The terminology used in Per3S for storage includes HPC systems as well as Cloud architectures, the common point between both being scalability. Presentations and talks focus in application, system or architecture. This 7th edition aims to gather during one day researchers from academia and industry, experimented or junior, storage users and customers with the sole purpose to exchange and foster the community.
Per3S is a workshop aiming to bring together the scientific and technological storage community to discuss and address issues and challenges associated to performance and data operations at scale. These topics cover HPC storage as well as Cloud-oriented architectures, both sharing the need for extreme scale.
Per3S fully encourages young researchers to present their work by submitting an abstract. The abstract can relate to an original work, on-going work, with fresh problems/solutions, or one already submitted and/or accepted in an international conference in order to be the subject of discussions.Previous editions of Per3S have successfully fostered a community of researchers both from academia and industry working on storage technologies. The audience is around 50 persons.
The program is organized around 3 sessions: one dedicated to Cloud, Storage technologies and data management, the second sessions is focused on poster for interactive discussion, and the last and third session is centered on HPC storage technologies and Lustre in particular.
Each posters is coming with an additional Flash-Presentation.

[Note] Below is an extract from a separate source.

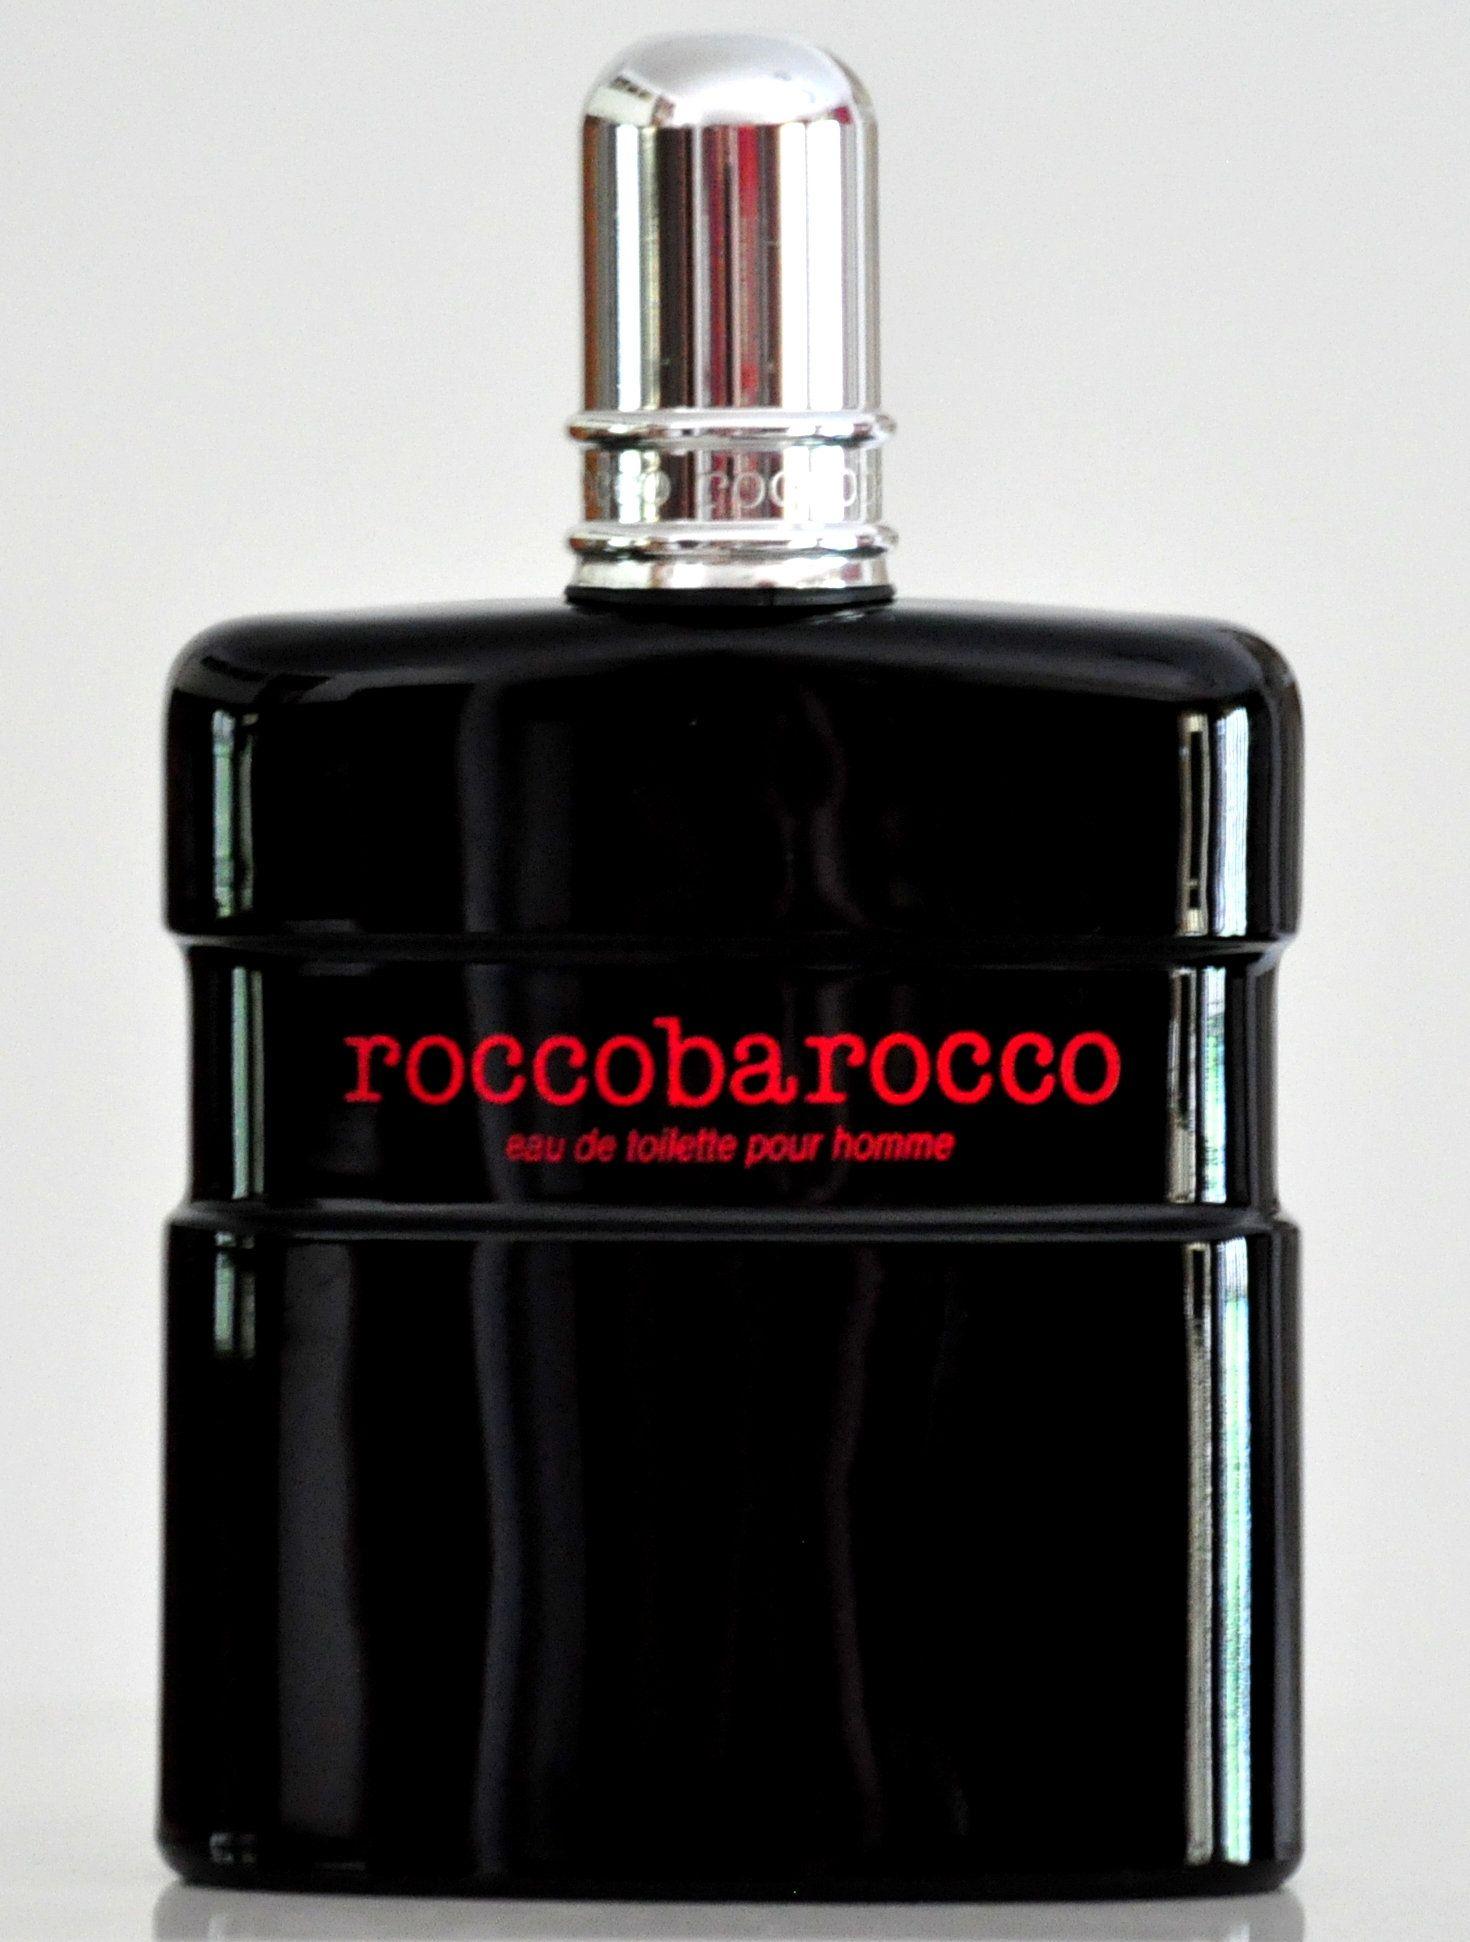 Rocco Barocco Roccobarocco Pour Homme Eau De Toilette Edt Etsy In 2020 Perfume Bottles Vintage Perfume Perfumery

Get within a single day a comprehensive overview of the storage activities in France.
Pers3S workshop spans a full day from 9am to 17h30, with a total of 3 sessions:
The French Storage Podcast, also known as TFSP, is a podcast that focuses on data, data management, and storage. It's an international podcast hosted by Philippe Nicolas, an industry observer with over 30 years of experience. During the last decade and even more, under the pressure of new workloads and IT challenges, we all saw several developments in the data storage industry at various levels, hardware, media, networking, processors, software and even architecture with also new players. This talk selects some key examples in the recent storage timeline to illustrate this evolution and forces behind.
Knowing hardware disks evolution and performance limitation, discover how we tackle this industrial challenge to deliver a state-of-the-art managed and ultra-scalable S3 infrastructure. [to be detailed further]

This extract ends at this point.